Treat-and-extend is the most popular strategy today. Your doctor first clears the fluid from your retina with a series of monthly injections, then gradually stretches the interval between visits by two weeks at a time, as long as your retina stays dry. Many patients eventually reach intervals of 10 to 12 weeks. If fluid returns, the interval is shortened back to whatever previously kept things stable. Only a major event like a large hemorrhage would reset you all the way back to monthly treatment. This approach balances good visual outcomes with fewer trips to the clinic.
The Port Delivery System
For patients who want to dramatically reduce injection visits, a surgically implanted refillable device called the port delivery system (PDS) offers an alternative. This tiny reservoir is placed in the eye wall during a one-time surgical procedure and continuously releases ranibizumab into the eye. A doctor refills the device in the office roughly every six months.
The original version was recalled due to a manufacturing issue where the device’s seal could fail over time. In laboratory testing, 9% of the original implants had failed by 12 refills, and only 47% survived to 21 refills (simulating 10 years of use). An updated implant and refill needle received FDA approval in July 2024. In lab testing, 100% of the redesigned implants remained intact after the equivalent of 10 years of simulated use. No safety issues related to seal failure have been reported in clinical patients with the updated device. The PDS is best suited for patients with a confirmed good response to ranibizumab who want fewer visits.
Risks of Intravitreal Injections
The most common side effects of anti-VEGF injections are minor: temporary redness, mild soreness, and floaters that resolve within a day or two. Serious complications are rare. The risk of endophthalmitis, a severe eye infection, is approximately 0.2% per injection, or about 1 in 500. Retinal detachment, significant bleeding, and sustained pressure spikes inside the eye are even less common and are generally associated with specific drug formulations rather than the injection procedure itself.
Your doctor minimizes infection risk by using antiseptic drops before and after the injection.

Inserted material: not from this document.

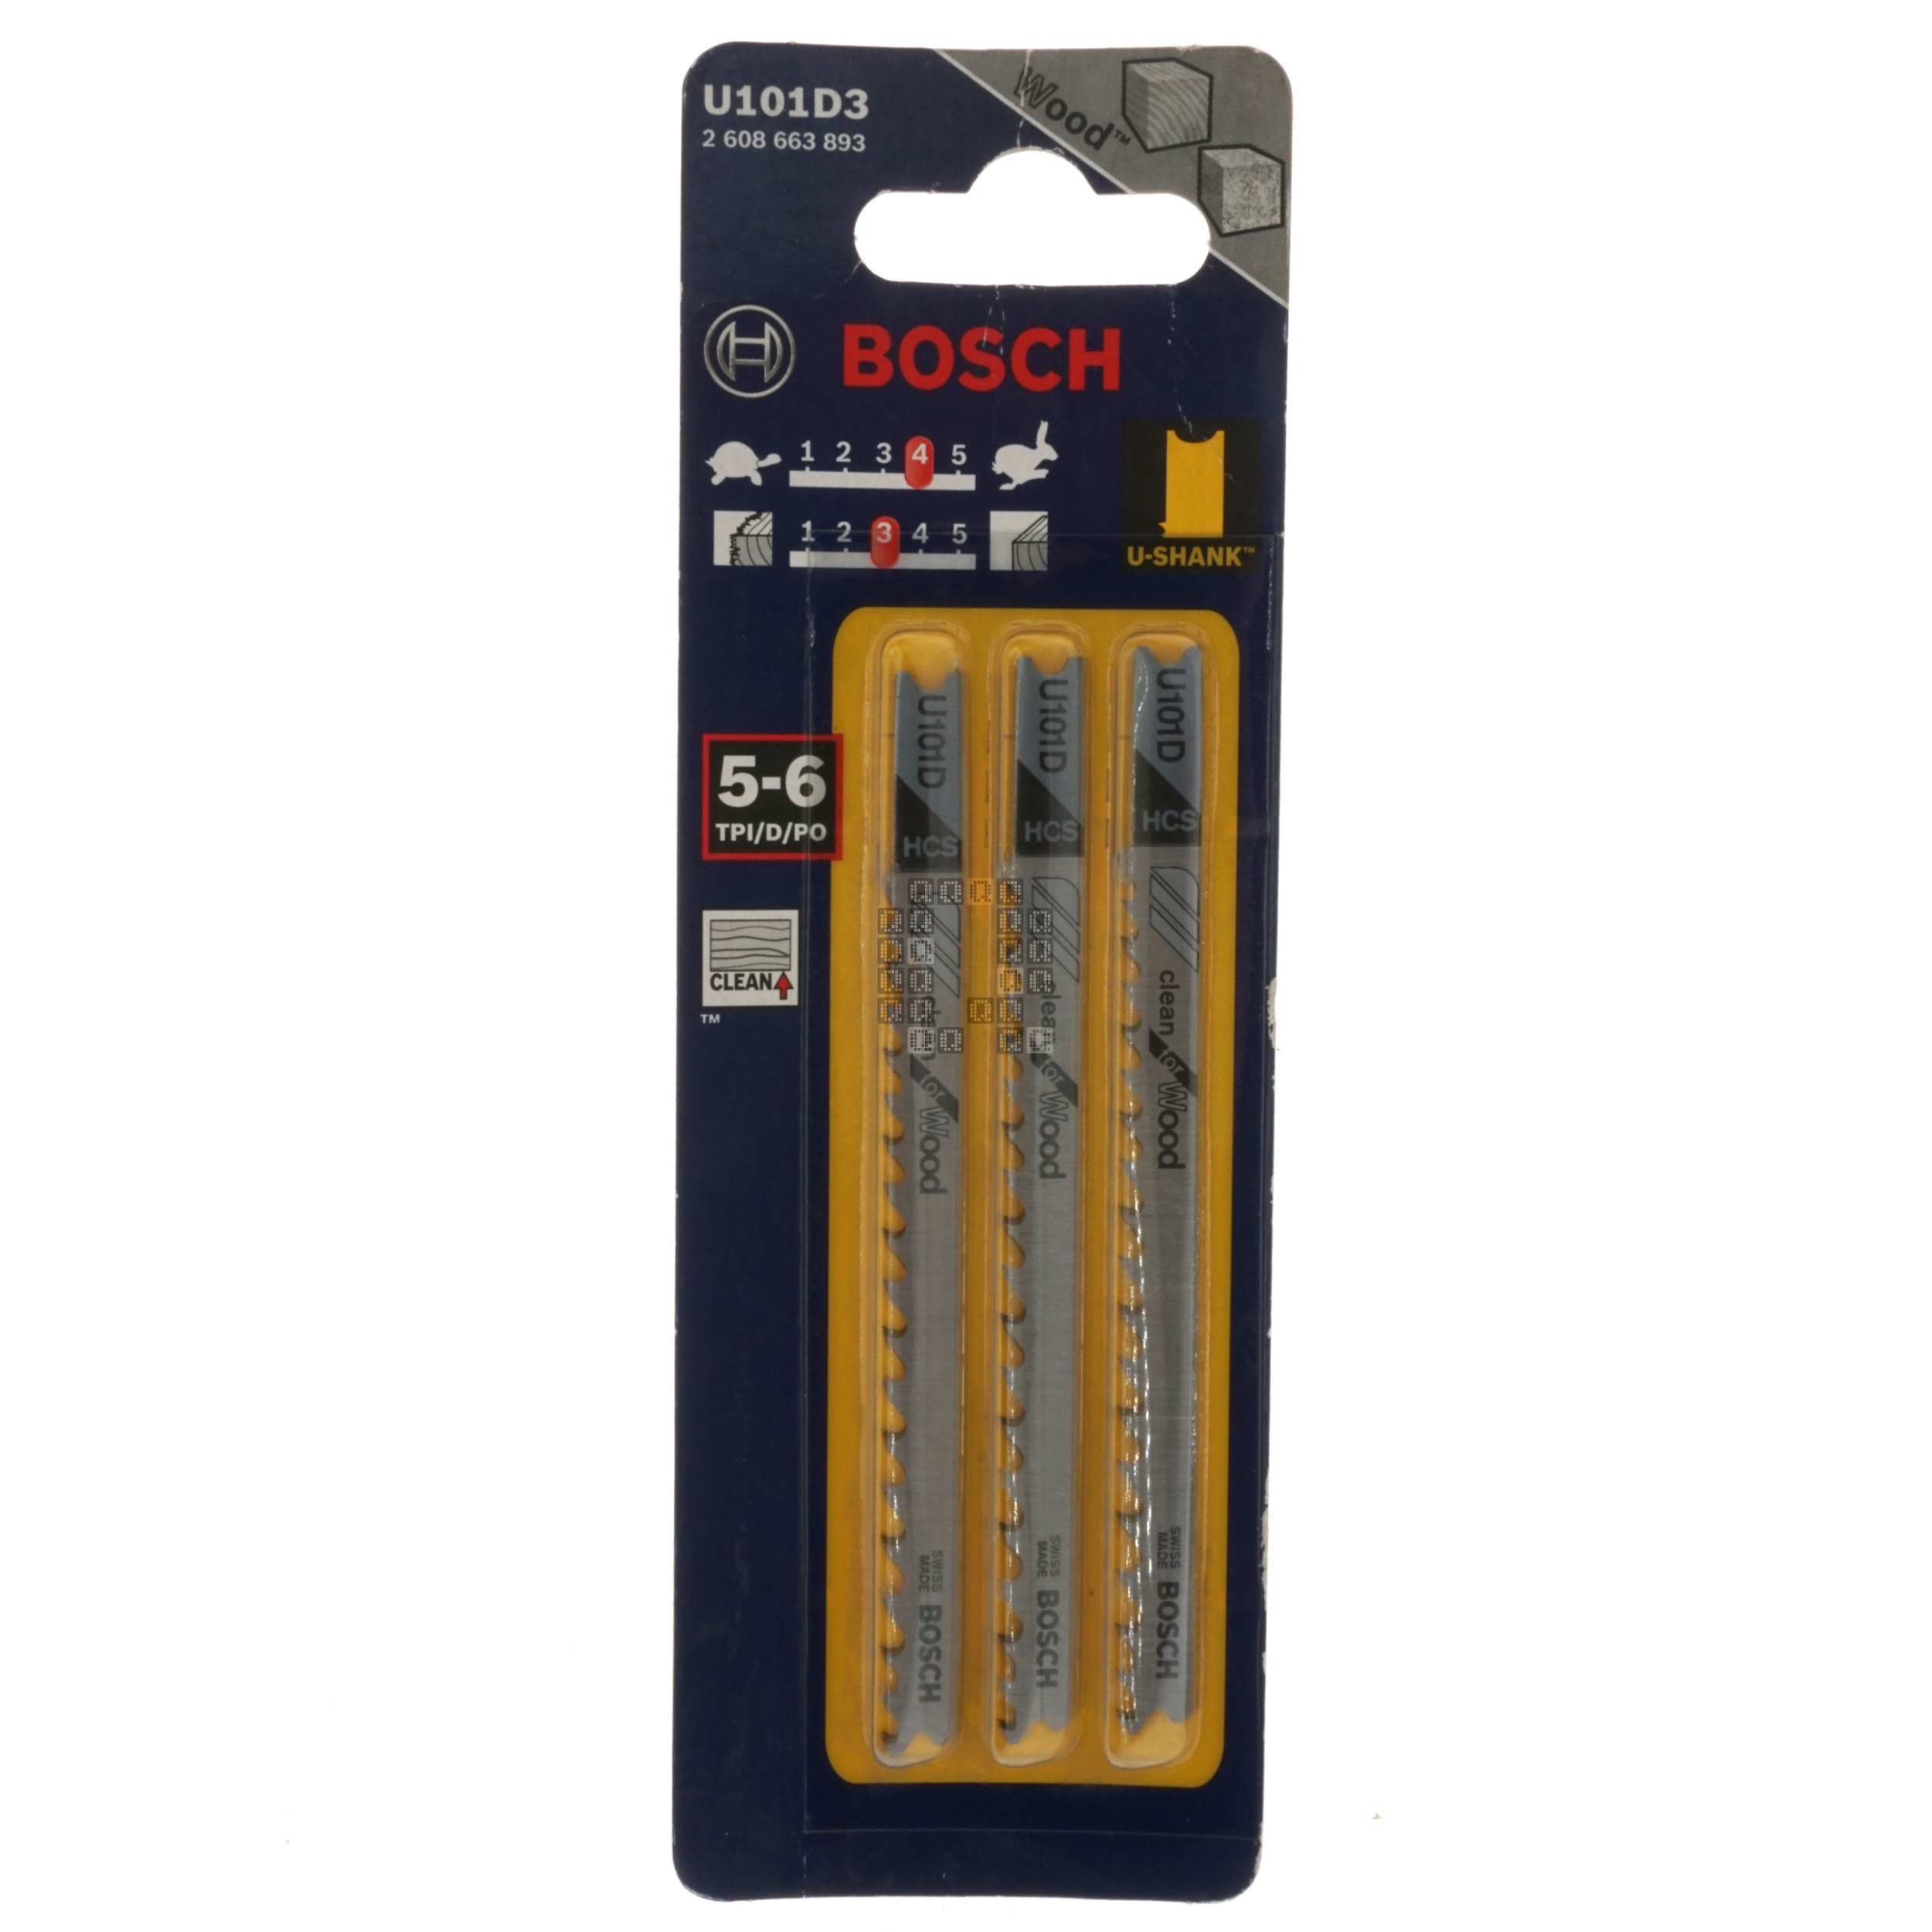 Bosch U101D3 2608663893 Clean Wood U-Shank High Carbon Steel Jig Saw Blades, 3-5/8" Length, 3-Pack

If you experience sudden pain, significant vision loss, or increasing redness in the days following an injection, contact your eye doctor immediately, as these could signal infection.

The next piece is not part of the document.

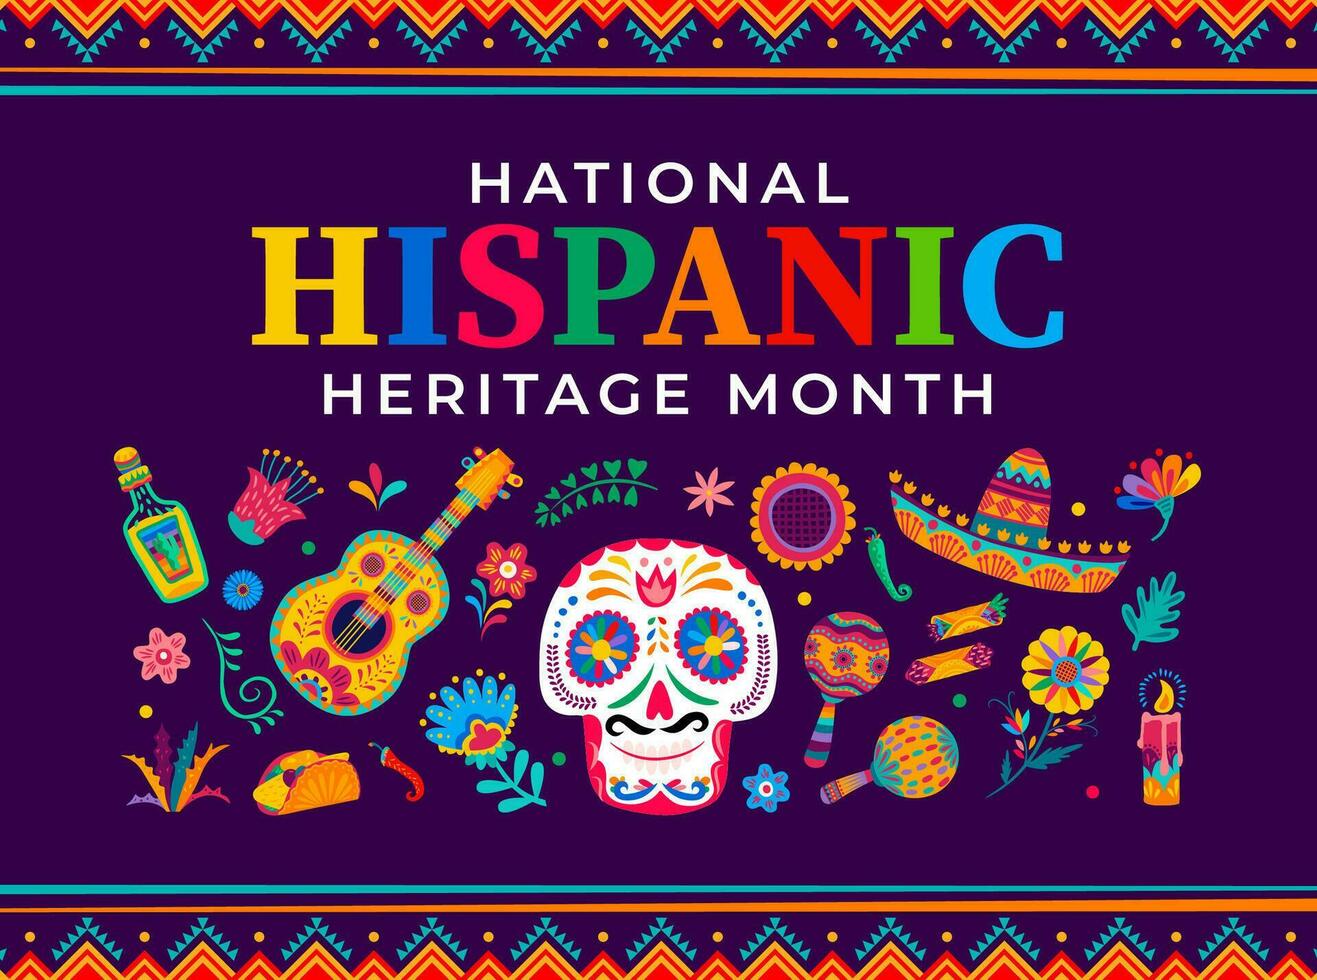 Calavera skull, flower on hispanic heritage banner vector

The Role of AREDS2 Supplements
If you have wet AMD in one eye, there’s a meaningful chance the other eye could eventually develop advanced disease as well. AREDS2 supplements, a specific combination of vitamins C and E, zinc, copper, lutein, and zeaxanthin, reduce the risk of progressing from intermediate to advanced AMD by about 25%. These supplements don’t treat existing wet AMD or replace anti-VEGF injections, but they serve as a protective measure for the fellow eye. The formula that replaced beta-carotene with lutein and zeaxanthin (the AREDS2 version) showed a small additional benefit and is safer for current or former smokers.
When Standard Treatment Isn’t Enough
Most patients respond well to anti-VEGF therapy, but a subset develops resistance over time. Signs include persistent fluid on imaging despite regular injections, or vision that gradually declines even with treatment. In these cases, switching to a different anti-VEGF drug often helps. Moving from a VEGF-only inhibitor to faricimab, which targets the angiopoietin-2 pathway as well, is one increasingly common approach for patients who have plateaued on aflibercept or ranibizumab.
Gene therapy is also in active clinical development as a potential long-term solution. Two leading candidates, ixoberogene soroparvovec (ixo-vec) and RGX-314, aim to deliver genetic instructions that enable the eye to produce its own anti-VEGF protein continuously, potentially eliminating the need for repeated injections. Both are in advanced clinical trials. RGX-314 is being evaluated in two pivotal trials using surgical delivery beneath the retina. These therapies are not yet available outside of clinical trials, but they represent the most significant shift in wet AMD treatment strategy on the horizon.